● Records provided
● ● ● ● ● ● ●
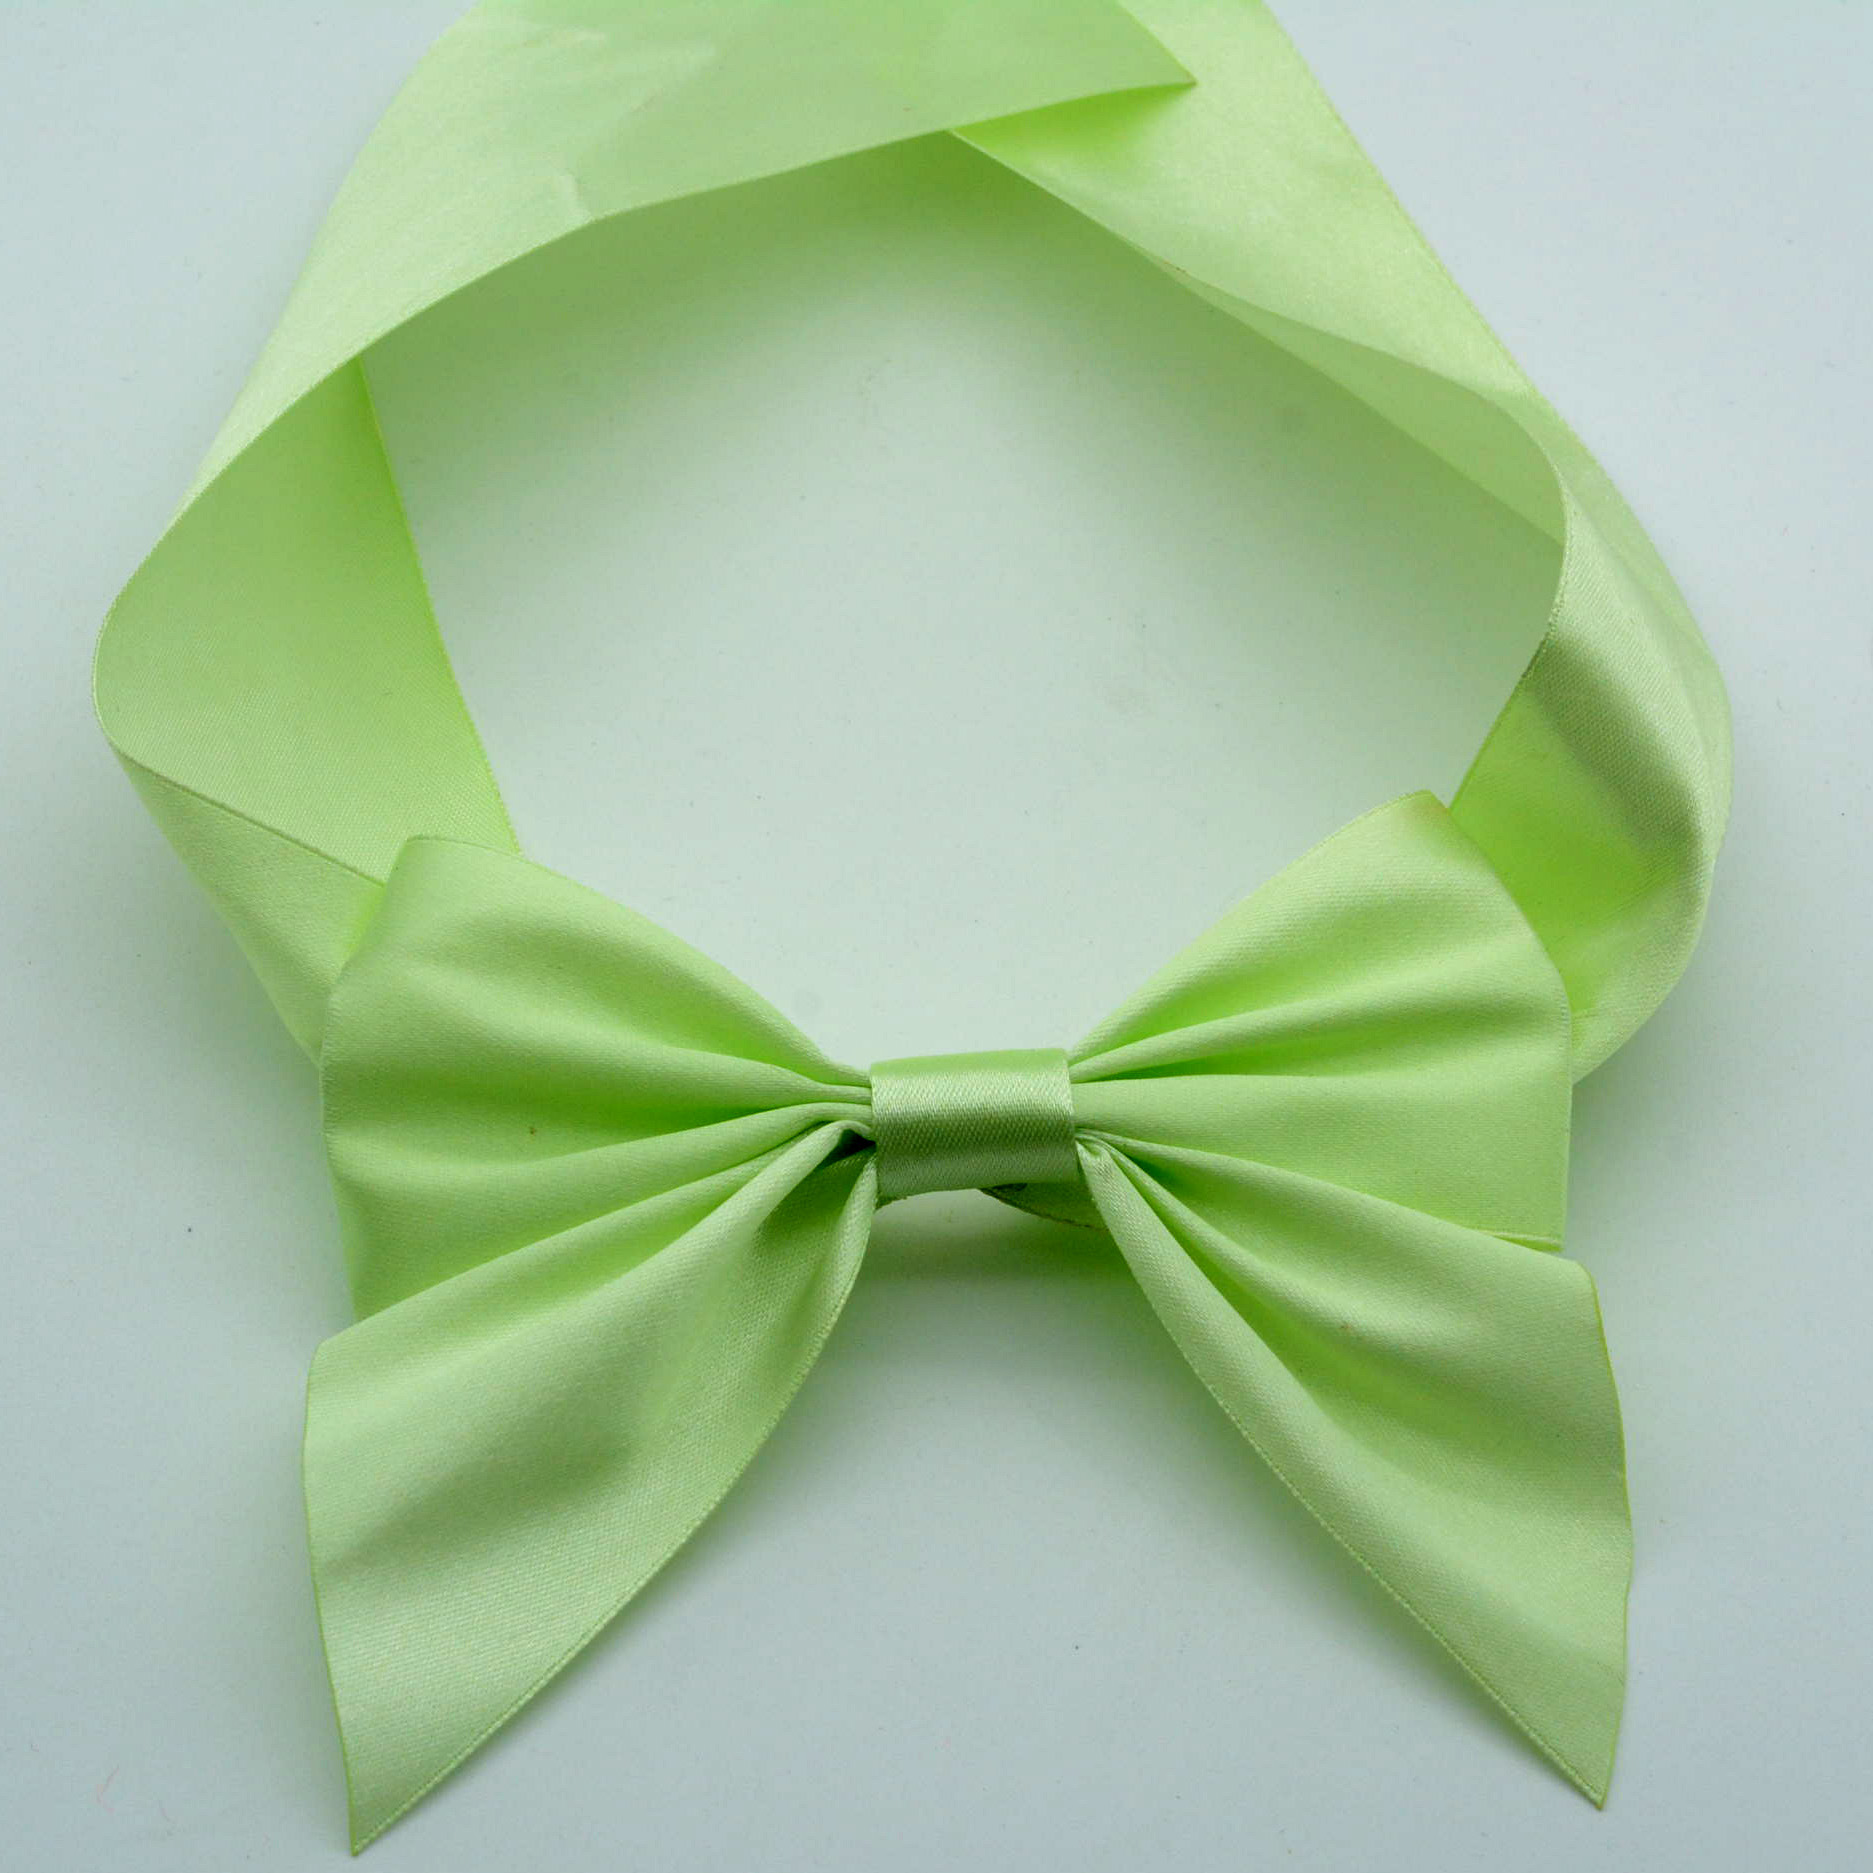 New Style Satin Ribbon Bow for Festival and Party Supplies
● ● ● ● ● ● ●
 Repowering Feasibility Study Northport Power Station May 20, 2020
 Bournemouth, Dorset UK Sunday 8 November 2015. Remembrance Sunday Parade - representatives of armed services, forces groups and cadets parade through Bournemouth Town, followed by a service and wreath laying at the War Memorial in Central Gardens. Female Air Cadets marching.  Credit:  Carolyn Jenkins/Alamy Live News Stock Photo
● ● ● ● ● ● ●
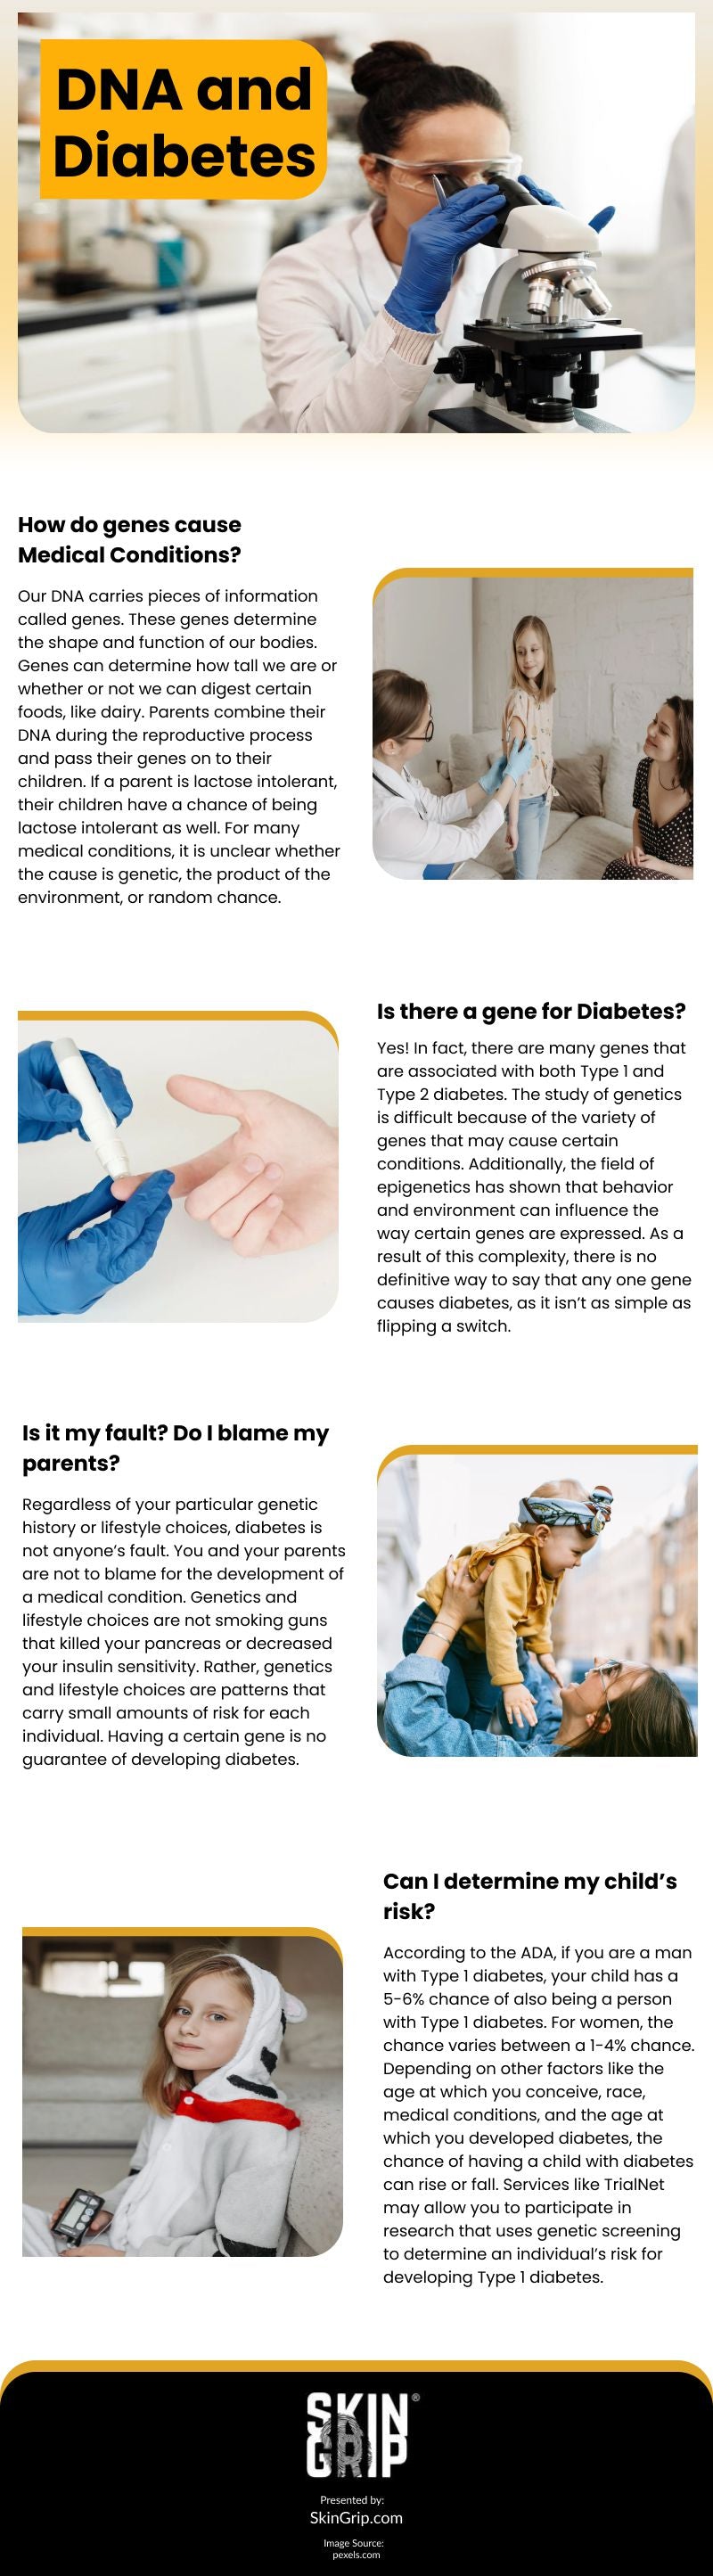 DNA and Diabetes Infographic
● ● ● ● ● ● ●
● Exercise prompt
In the listing above, the lines from the one containing "Repowering Feasibility Study" through the one containing "Bournemouth, Dorset UK" must be set down exactly, with no other lines.

● Task output
 Repowering Feasibility Study Northport Power Station May 20, 2020
 Bournemouth, Dorset UK Sunday 8 November 2015. Remembrance Sunday Parade - representatives of armed services, forces groups and cadets parade through Bournemouth Town, followed by a service and wreath laying at the War Memorial in Central Gardens. Female Air Cadets marching.  Credit:  Carolyn Jenkins/Alamy Live News Stock Photo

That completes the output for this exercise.